He snapped his fingers, and his brother Josef came over; they spoke in Czech. Josef smirked and went to get another bottle and a flute for Hubert to join in. He opened the bottle expertly, easing the cork out slowly so it let out an elegant quiet pop, the bubbles frothing like a diamond waterfall.

My toes were now aching from this long Ontario highway walk, and my backpack was making permanent indentations in my shoulder. Isobel somehow walked elegantly, her high-heel sandals clickety-clacking, sashaying up the road.

Eventually I had stopped going with Isobel to the Bistro. Hubert got on my nerves too much, and I had developed a bad habit of snorting over his pomposity. The snorting got so regular, Isobel finally had said to me, “Frankly, Annie, you sound like a farm animal, and it’s cramping my style.” So she started going in to the Bistro by herself with Milan Kundera novels tucked under her arm.
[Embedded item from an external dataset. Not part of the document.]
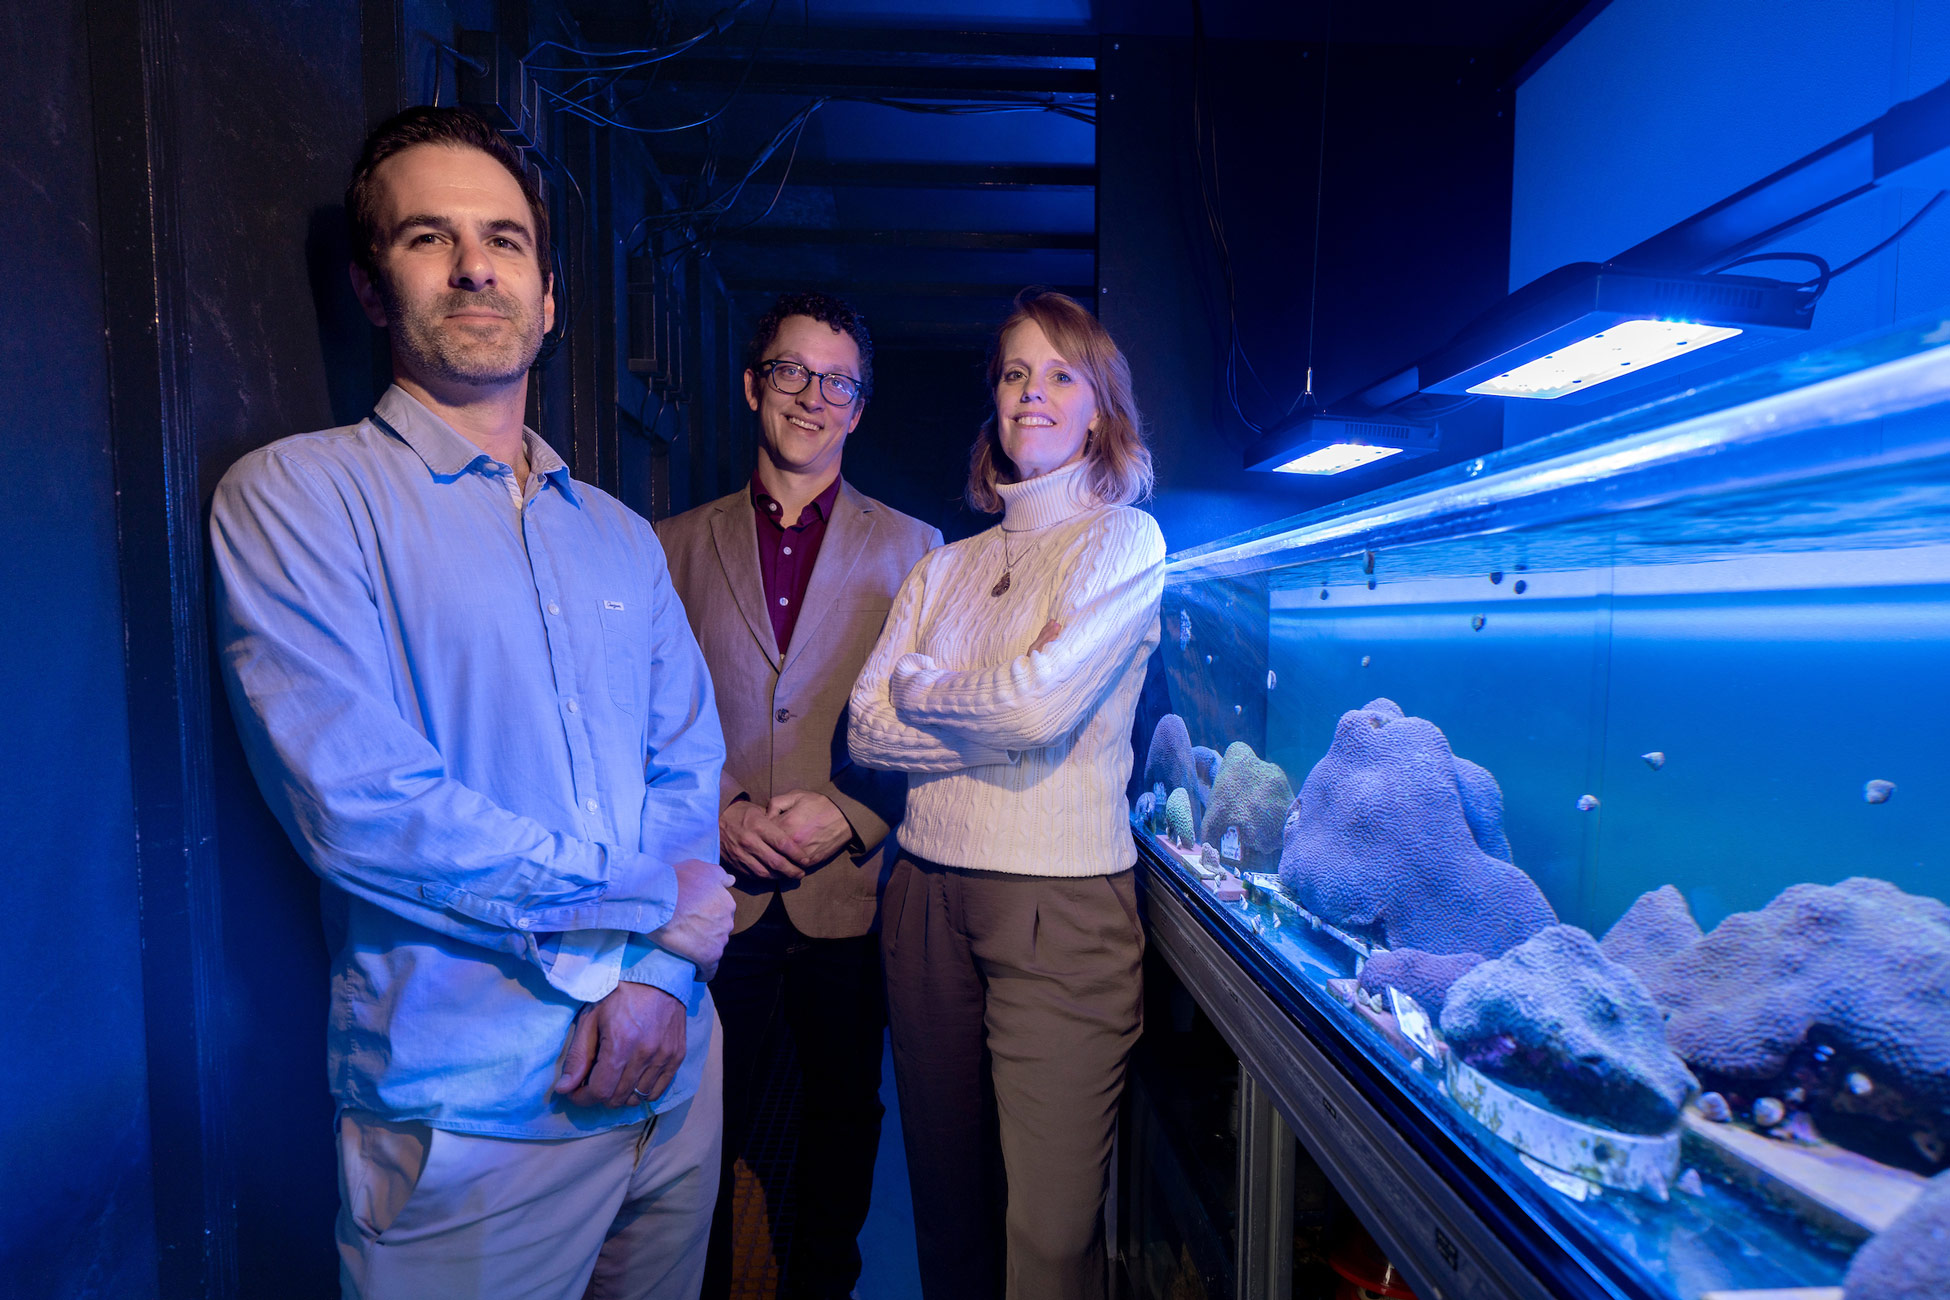 UNCW team of researchers (L to R) Jake Warner, Nathan Crowe and Nicole Fogarty has been awarded a three-year, $1.5 million dollar grant to help corals survive in our warming oceans.

Usually she described these evenings in detail on the phone when she got home. She said she normally read and drank until he was finished serving tables and then he sat down with her and taught her what he felt she needed to know. Once he took her for dinner on the north side of town. He stared at her aggressive way of clutching the knife and fork in her fists and plunging into the food. He looked her in the eyes. “Don’t.”

“Excuse me?”

“Don’t.” He gestured to her iron-fisted cutlery grip. “Look at me, look at my hands. You see der is no need to use your whole hand to hold dem. Just use your thumb and dis finger here,” he said, pointing to his index finger.

“What an asshole! Unbeelievable. Who does he think he is, trying to dampen your gusto?” I said when she told me the story. I still remember the feeling of my blood boiling.

But Isobel kept going back. His lessons included outfit consultations: “Vear red, very good for your complexion. Vear short black skirts, very good for your legs. Vear less eye makeup and less perfume.” He edited her with almost free rein. He got her some fake glasses, gave her a silk scarf. He told her to cut her hair in a Juliette Binoche blunt. He said it was unattractive to snort when she laughed. She started to look thirty instead of twenty. It was like she’d gone to Ye Olde Hubert’s Boot Camp for Nymphs.

Bored by the walking, Isobel finally piped up.

“Look, I know you disapproved of Hubert, but it was an invaluable education. And he wasn’t so bad, you never saw his nice side, and you’re hung up on that whole water thing. You know in Europe, nobody drinks tap water. It’s just not done.”

“Whatever. The guy was a major ass.” I said, annoyed by vestiges of his pretentious imprint still on her psyche. But that was nothing compared to his disturbing sex ed curriculum. She had never told me the full details of the Table 12 night, but she had alluded to it in passing. Cryptic mumblings during our sad song sessions.

“What happened with him, Isobel, really?”

“You want the minute-by-minute account of how it finally happened?” Isobel asked as we slogged our way to the neon that was looking more like a constellation from eons ago than somewhere we could stay for the night.

“Yes,” I said, rolling my shoulders and trying to readjust my heaving backpack.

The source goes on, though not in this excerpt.